Tan is putting forth a new spin on conceptual painting, which is hardly existent in Singapore and addressing the glaring divide between painting and contemporary art. For the longest time, there was an overarching emphasis on a certain Nanyang School of painting and then a huge leap to contemporary art, which covers anything from a hyped-up starting point of reference in performance art, then to video and new media art, and the current de rigueur trends of ethnographic-driven, community-based, relational, fictively real, and historically re-constructed national art. There seems to be some champions of a kind of dry conceptualism that holds the scene captive these days amidst a growing awareness of institutions to acknowledge that huge missing middle ground and the lost generation of artists. Tan’s current paintings, aside from his curatorial work and writing, pretty much dispenses with most of that and goes into territory that in lesser hands, may fall into pastiche, cliché or even kitsch. Painting is often the only art form to suffer the burden of its own history but in this case, he uses it fully to his advantage. And if contemporary art too suffers the burden of contemporary-ness and South East Asian art suffers the burden of identity, then these paintings ignore these burdens and place them, instead on the viewer who is looking at them. His paintings face the anxiety of history and influence that any young painter today would know —- what we paint, why we paint them and how we paint them in spite of all that has happened.

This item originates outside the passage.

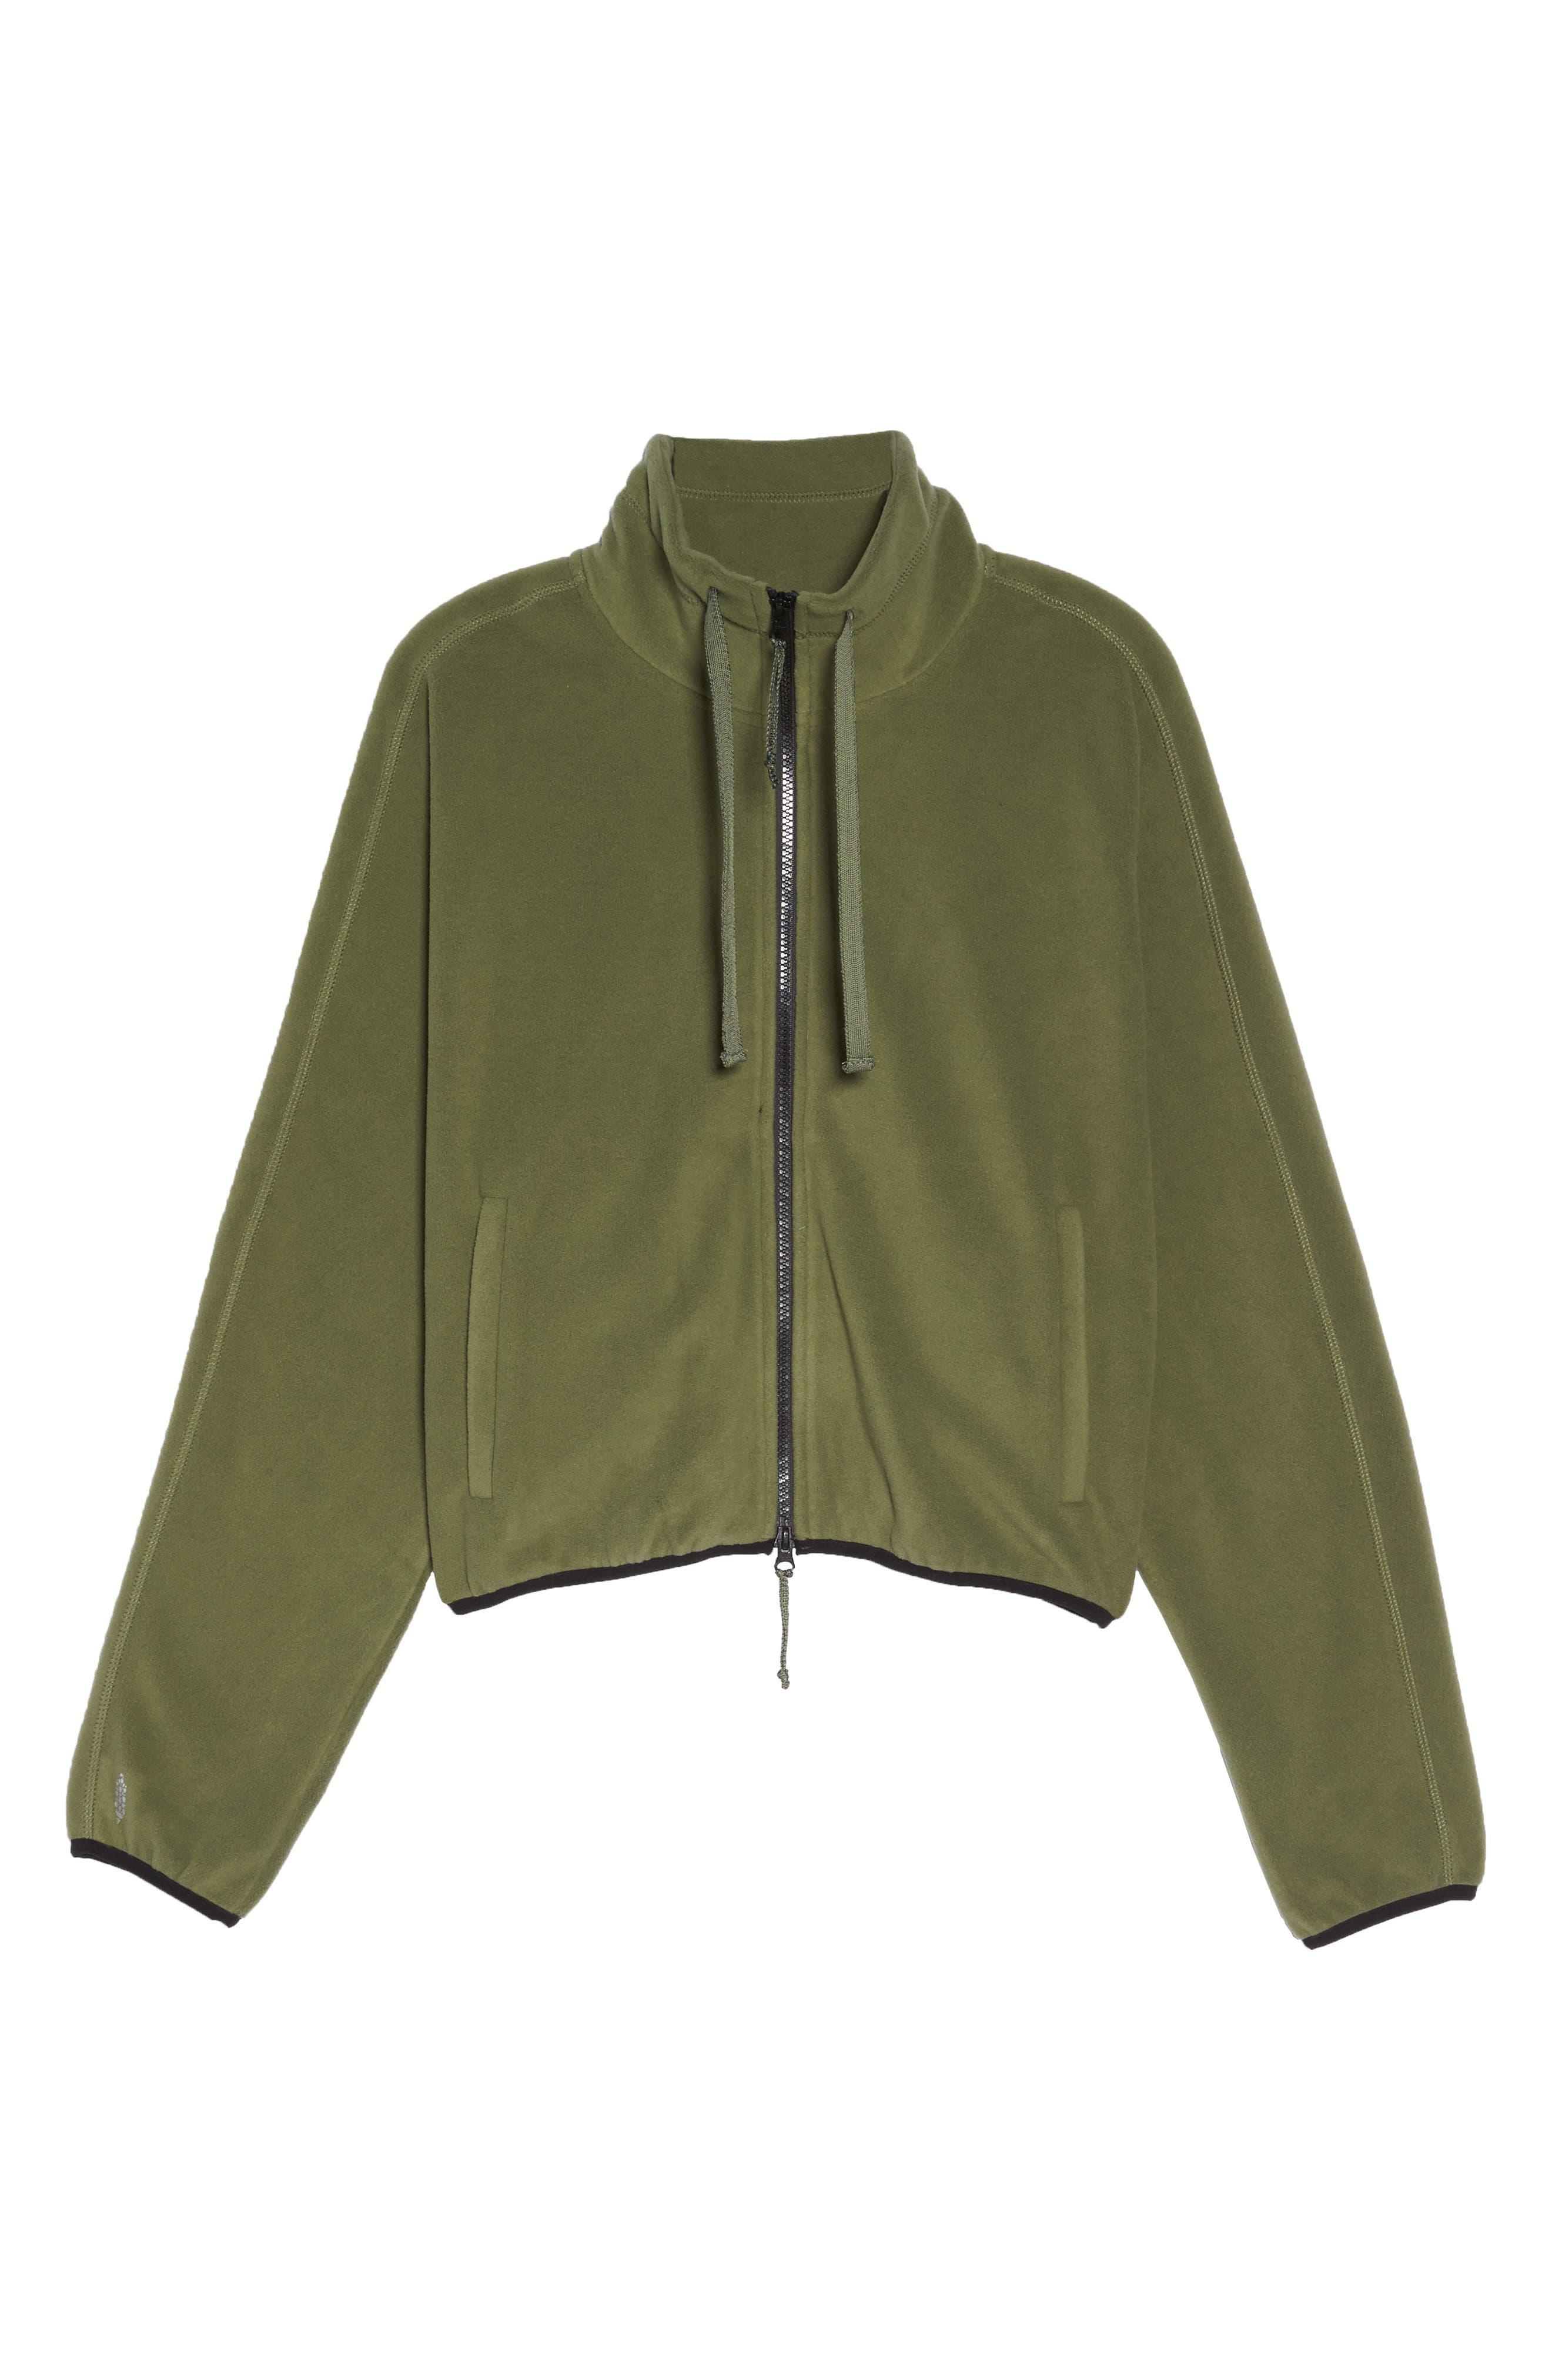 FP Movement Higher Ground Fleece Jacket,                             Alternate thumbnail 13, color,

Naysayers would say these paintings take too much from Western history of painting but it is more like they refuse to deal with any convenient exoticism between East and West and perhaps it is telling, given that he obtains his images from the Internet, that these works speak about painting that is global, democratic and fair game; histories are disposable. Painting for this matter, knows no borders nor boundaries, or identity other than the maker of these works. And why should it be the contrary?

When the Post-Impressionists borrowed heavily from Japanese prints, no one said anything. Likewise with Picasso whose “Les Demoiselles d’Avignon”, inspired by African masks, was to be the precursor to Cubism. Or when the Abstract Expressionists and the American Avant-garde embraced Eastern philosophy and claimed it as their own, it was totally celebrated. Akira Kurosawa the filmmaker went against a lot of resistance from his own countrymen who said his work was un-Japanese when he borrowed much from Baroque painting and Shakespeare to make what is now known as cinematic masterpieces. Why can’t we turn back Western history, a history that is a form of cultural imperialism, back on its head and return the favour?

The painter Gerhard Richter has mentioned he likes working from photographs, because they freed him from any style, comparison, judgment and personal experience. They provided the subject matter and information for his process of painting to be based on. I suspect Tan does the same, but without the detachment of personal experience. There is something personal, intimate and precious about them and the way he reclaims them in their uncanny titles. They resonate with my practice as using abstraction as a vehicle to talk about something else and not as a means to an end. What also made the paintings more engaging, and this could be attributed to the foresight of the gallery director, were the partitions in the gallery that were not of right angles. This affected the way one navigates the space and experiences the works. On one hand, these are beguiling, deceptive paintings that lure you into their abyss. On the other, they are modest, compelling works that operate on a sensuous beauty and intellectual veracity. Guo-liang Tan makes dark pictures of flowers you may have remembered seeing before.

Photos: Courtesy of Guo-liang Tan

Contributed by: Jeremy Sharma

Contributor’s profile: Jeremy Sharma is a painter and a fine arts lecturer at the LASALLE College of The Arts.